Which to host for a single user instance: lemmy or kbin (or others)?
what is better for single user instance, or maybe something small like under 10 users (no communities)? which is lighter on resources? how much storage should I allocate?
any alternatives to lemmy and kbin that are still somewhat similar?
My Lemmy instance is currently occupying about 350MB of RAM, but you can round that up to 400MB. A lot less than the 4GB for KBin.Technically it's a dual user instance now, since a friend wanted to join it and I said sure.
The arguments for are varied. I don't have to worry about any admins making decisions on federation, I can federate (or not) however I please. I have my own space that I can do what I want with in a familiar format, and I can make my username Jamie without it being taken.
My other reason is that it's the only way to know I picked an instance that isn't going to just go away without me and take my account with it. It will be an interesting day when the first major lemmy instance goes down...
High price? It's really not very intensive at all, at low user count. Super light on storage too. I think BeeHaw (one of the biggest instances) said their whole instance was only like 25GB (a week ago)
I meant, comparatively: you can host thousands of active jabber accounts on a RPi at the same time, and that will cost you pennies in electricity a week. I know this isn't close to an apple-to-apple comparison (different protocols, different capabilities and features, …), but what interests me when people bring-up federated protocols is how much will it actually be used that way in practice (wrt. server dimensioning vs number of users, effort to set-up and administrate, etc), and how effectively we are breaking away from the centralized internet that's so nefarious. And sorry if this is shifting the thread away from where we started at :)
yeah for real I have been thinking the same lol. sadly a feed reader is just a reader. Would not be able to comment or post, which is the main reason I will go with a self hosted instance.
After almost 24 hours, coming up on 662MB of images, and 371MB for the postegres database.

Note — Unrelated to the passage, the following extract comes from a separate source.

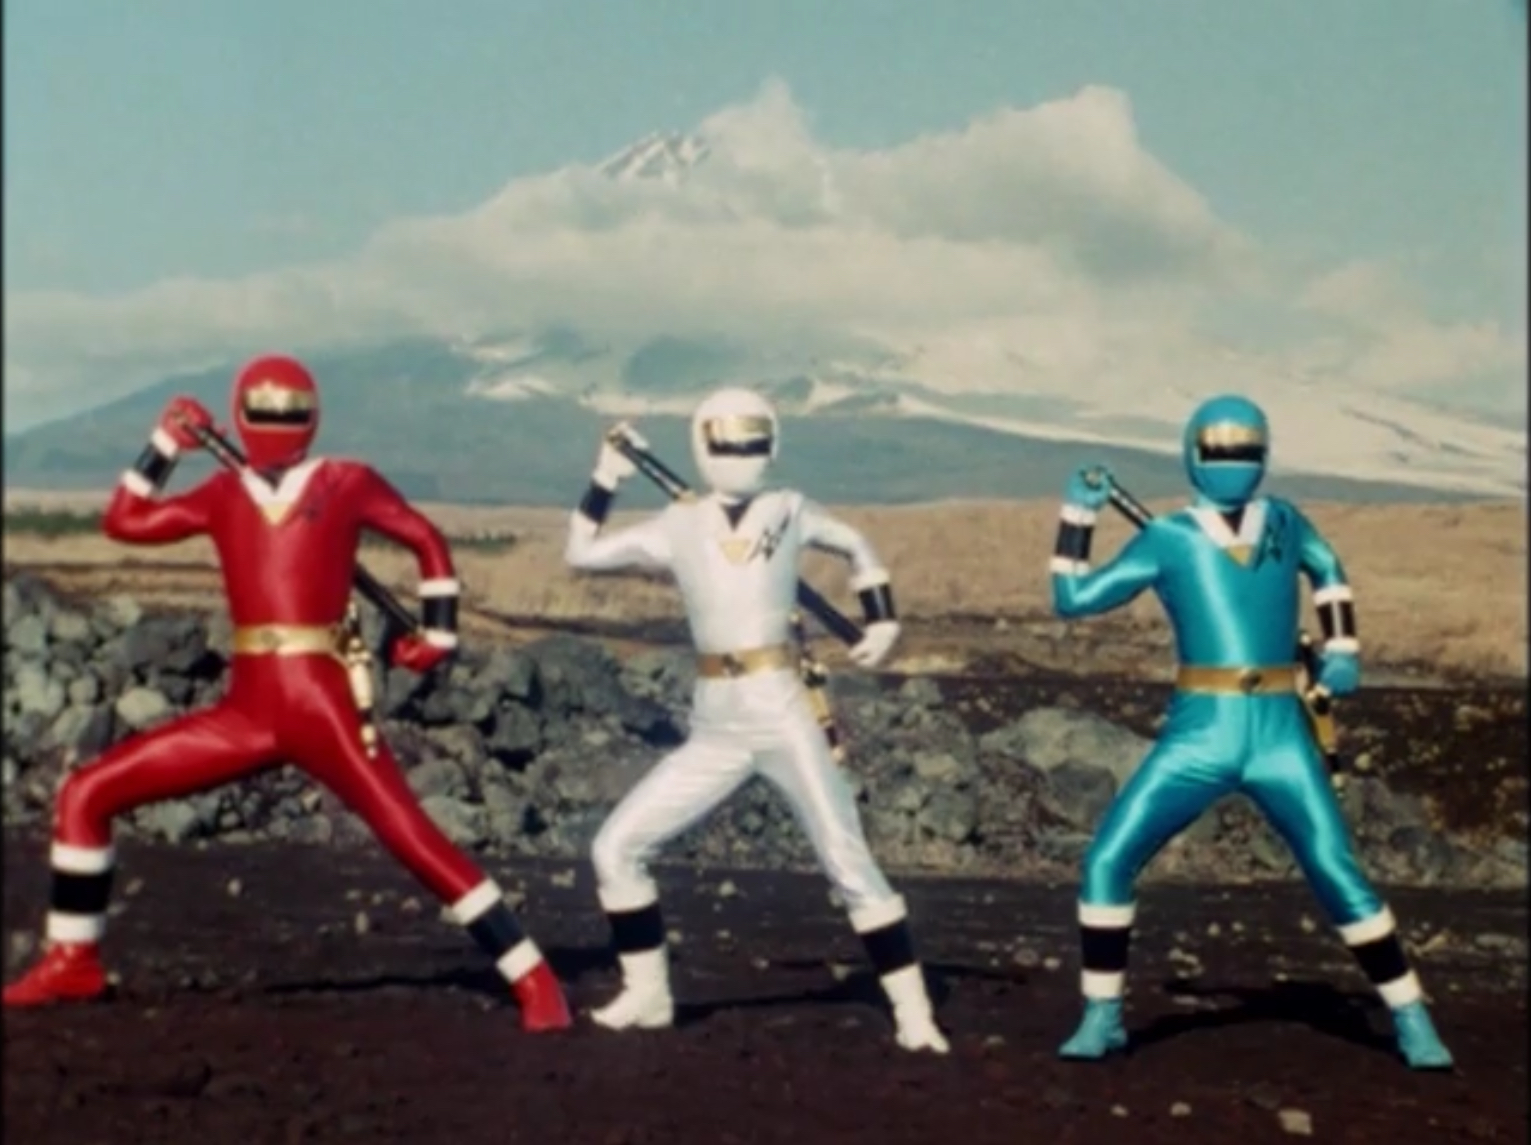 Ep. 1: We Are Ninja

Though, I could see the numbers fluctuating depending on how much stuff you're subscribed to. I'm currently subscribed to 31 communities, most of them fairly large.
I’m still kinda new to lemmy, but it sounds like every post on all your communities get sent to your instance? And maybe every comment?

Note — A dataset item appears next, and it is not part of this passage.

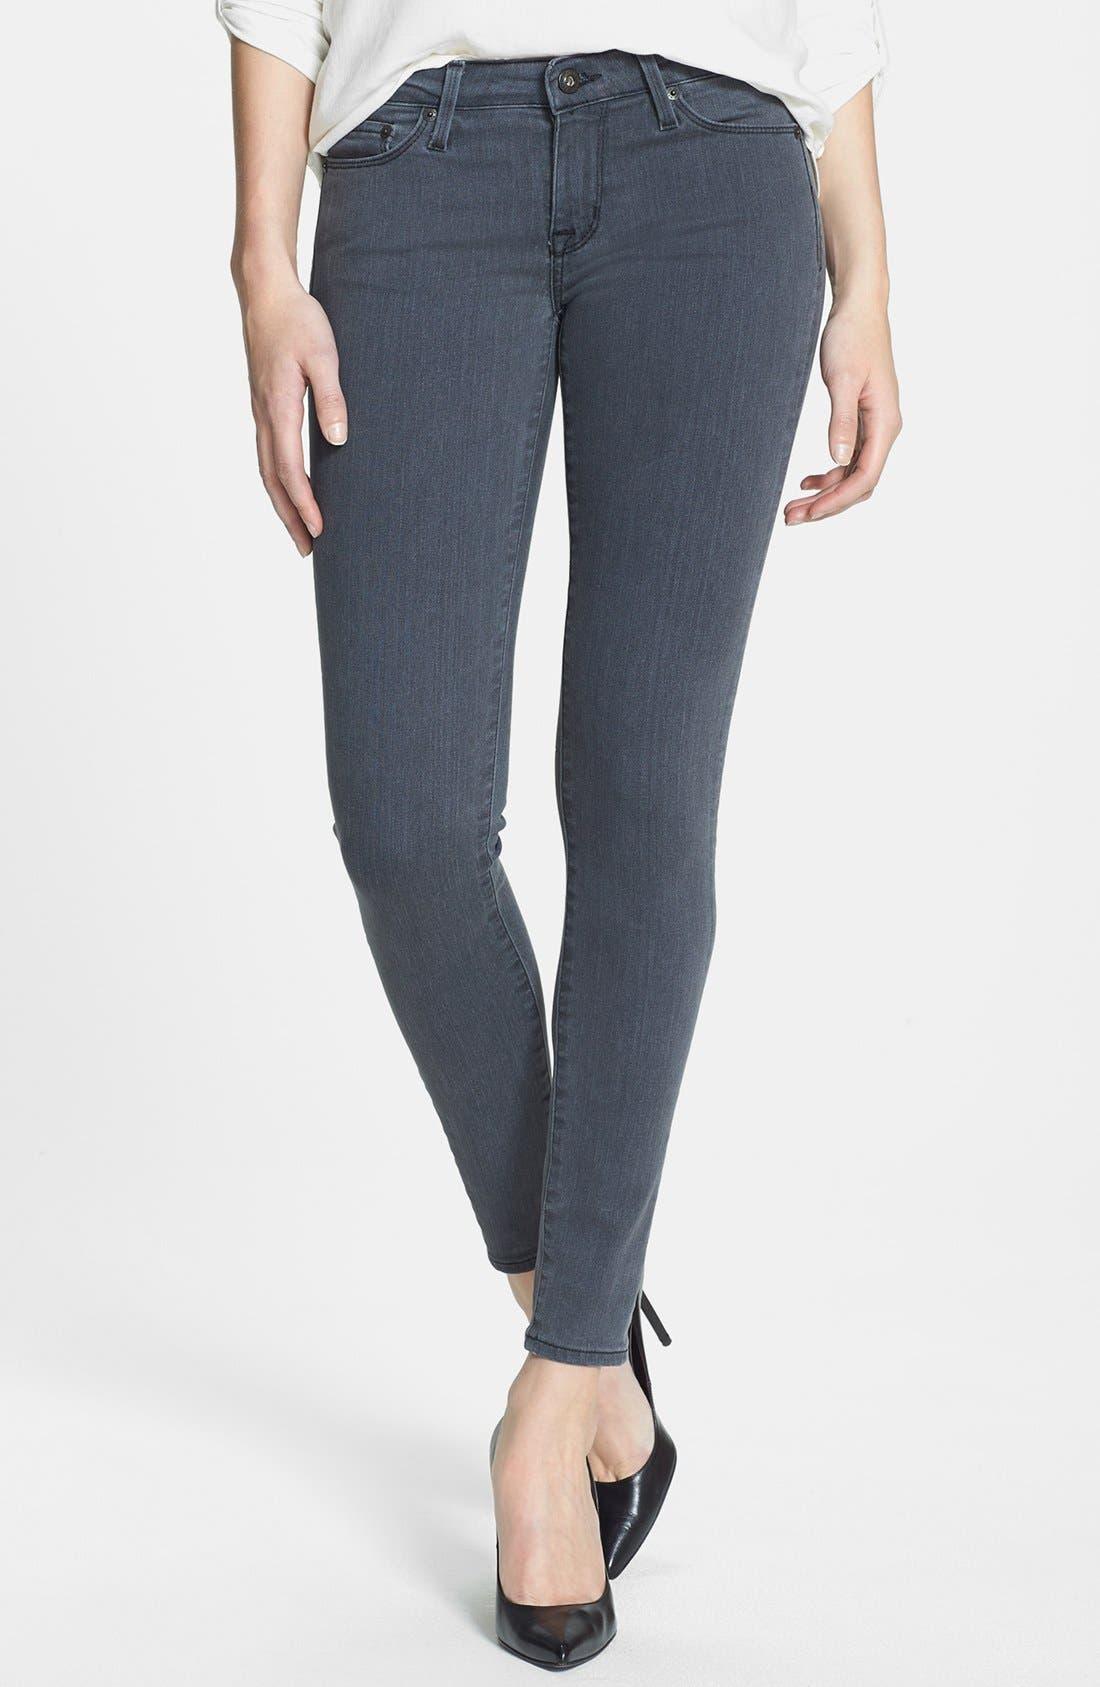 Main Image - Big Star 'Alex' Stretch Skinny Jeans (Liverpool) (Petite)

That’s probably fine for now, but when happens when one of the communities you follow gets a ton of users? I imagine you’d end up having to scale your self-hosted server even though it’s just you consuming the content?

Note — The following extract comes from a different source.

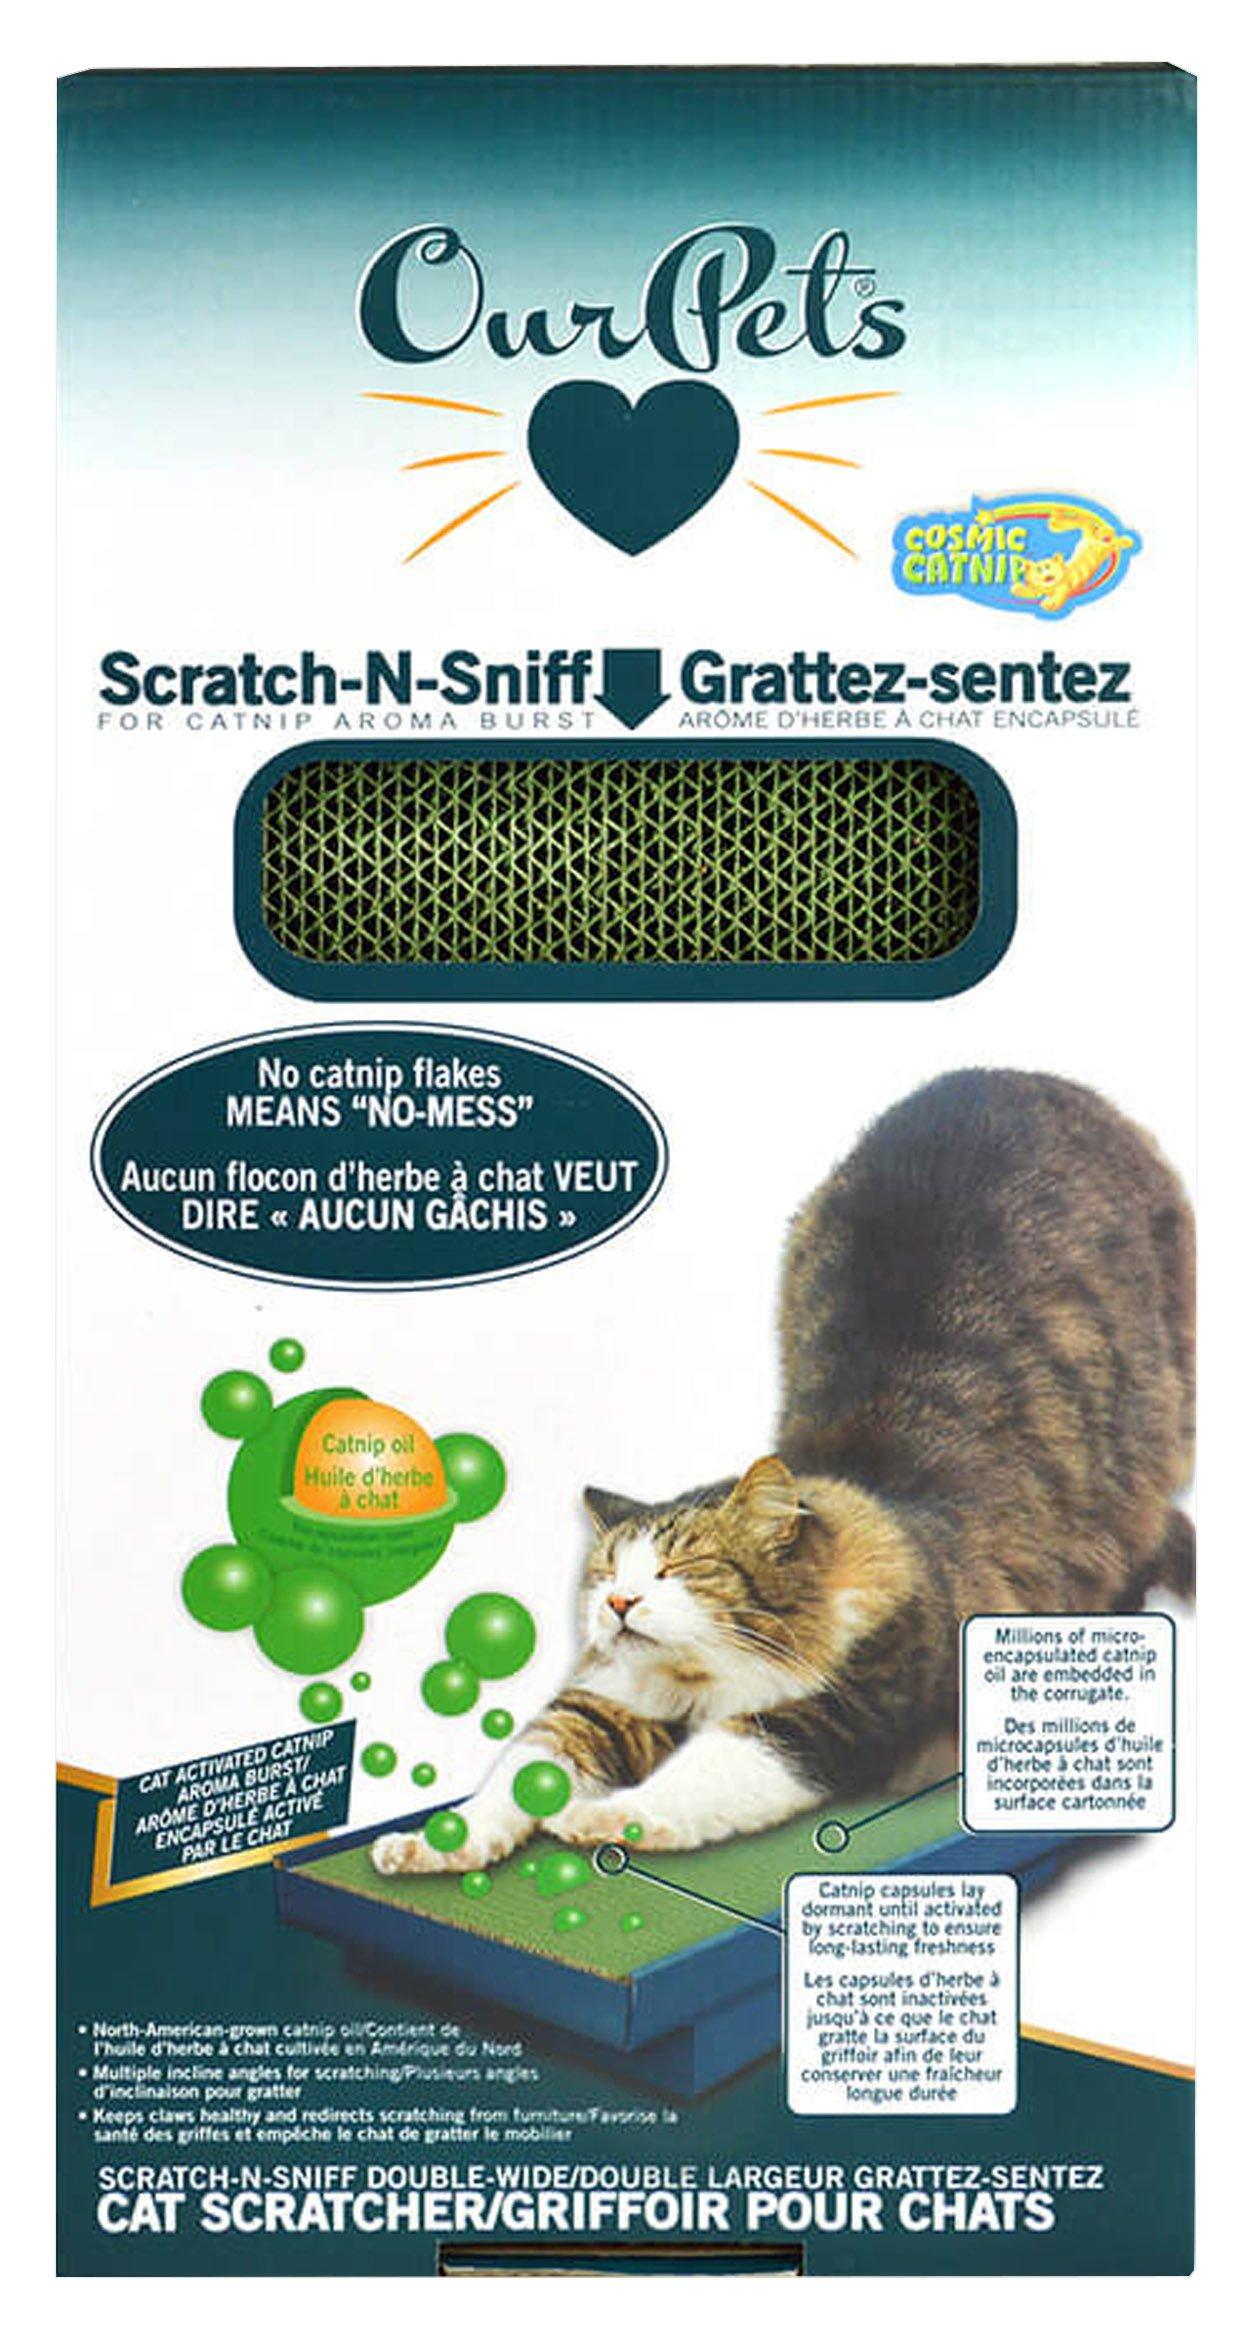 OurPets Scratch-N-Sniff Cat Scratcher Microencapsulation Catnip Oil No Mess Scratching Pad

That doesn’t seem sustainable. Not knocking your idea to self-host, more concerned with the scalability of lemmy
That's correct. I'm replying to you on jamie.moe right now, but in reality, what I'm seeing is a copy of what lemmy.world has. When someone makes a post, leaves a comment, or whatever, all of the instances that are federated and have one subscriber in the relevant community get updated with the change.
When I read this thread, I'm actually reading a copy of the thread stored on my own instance, and my instance just tells lemmy.world when I leave a comment and it will update everyone else. While it isn't very storage efficient, it does even out the load since users on one instance only require a single update from the main instance for all of those users to interact with that content, rather than instances asking for copies of things every time a user on one instance needs it. It spreads out the load nicely and lets even underpowered hardware serve wider communities than it could otherwise.
The downside is you have to have the storage space to keep content for your user(s). Though, getting a lot of storage space isn't expensive at all, so I would say it's a minor concern. Lemmy uses little in terms of RAM and compute, those two factors are the biggest things that can up your cost really fast. A gigabyte of storage on a server can typically be gotten for a fraction of a penny.
Keep in mind as php-fpm (used by Kbin) launches multiple child processes instead of a single rust process like Lemmy. The number of child processes can be tuned down to reduce RAM usage if necessary.